The present invention broadly relates to semiconductor manufacturing equipment, and deals more particularly with a hoop support for supporting semiconductor wafer within a processing chamber.
Sub-quarter micron, multi-level metallization is one of the key technologies for the next generation of ultra large scale integration (ULSI). The multilevel interconnects that lie at the heart of this technology require planarization of interconnect features formed in high aspect ratio apertures, including contacts, vias, lines and other features. Reliable formation of the interconnect features is very important to the success of ULSI and to the continued efforts to increase circuit densities and quality on individual substrates and die. As circuit densities increase, the widths of vias, contacts, and other features, as well as the dielectric material between them, decrease to less than 250 nm, whereas the thicknesses of the dielectric layers remain substantially constant, with the result that the aspect ratios for the features decrease.
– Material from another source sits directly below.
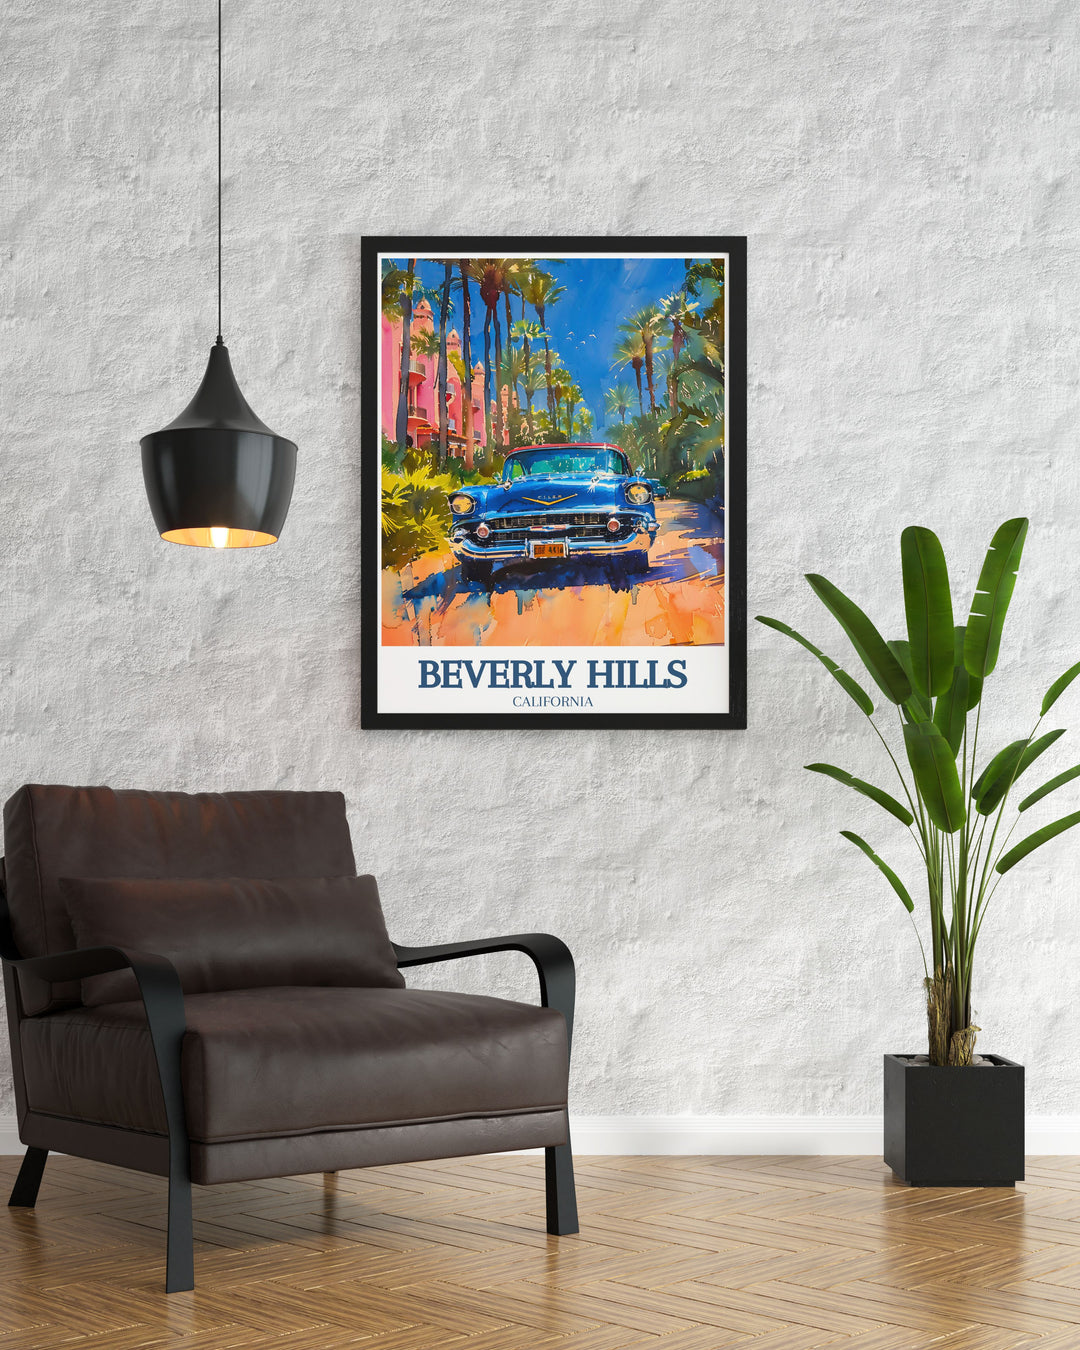 Elegant California wall art depicting the Beverly Hills Hotel and Hollywood, showcasing the states iconic landmarks and glamorous atmosphere. Perfect for adding sophistication and a touch of Hollywood magic to any room.

Copper and its alloys are being used with increased frequency to form lines and plugs in semiconductor processing, primarily because it exhibits lower resistivity than aluminum and significantly higher electro-migration of resistance as compared to aluminum. These characteristics are important for supporting higher current densities experienced at high levels of integration and increased device speed. Copper also has good thermal conductivity and is available in a highly pure state. Therefore, copper is becoming a choice metal for filling sub quarter micron high aspect ratio interconnect features on semiconductor substrates.
Metal electroplating is generally known and can be achieved using a variety of techniques. A typical method generally comprises physical vapor depositing a barrier layer on the feature surfaces, physical vapor depositing a conductive metal seed layer, preferably copper over the barrier layer, and then electroplating a conductive metal over the seed layer to fill the structure/feature. Finally, the deposited layers and the dielectric layers are planarized, such as by chemical mechanical polishing (CMP) to define a conductive interconnect feature.
One problem encountered in electroplating processes, sometimes referred to as electrochemical plating (ECP), is that the edge of the seed layer receives an excessive amount of deposition, typically referred to as an edge bead, during the electroplating process. The edge of the seed layer receives a higher current density than the remainder of the seed layer, resulting in a higher rate of deposition at the edge of the seed layer. The mechanical stress at the edge of the seed layer is also higher than the remaining of the seed layer, causing the deposition at the edge of the seed layer to pull up and away from the edge of the wafer.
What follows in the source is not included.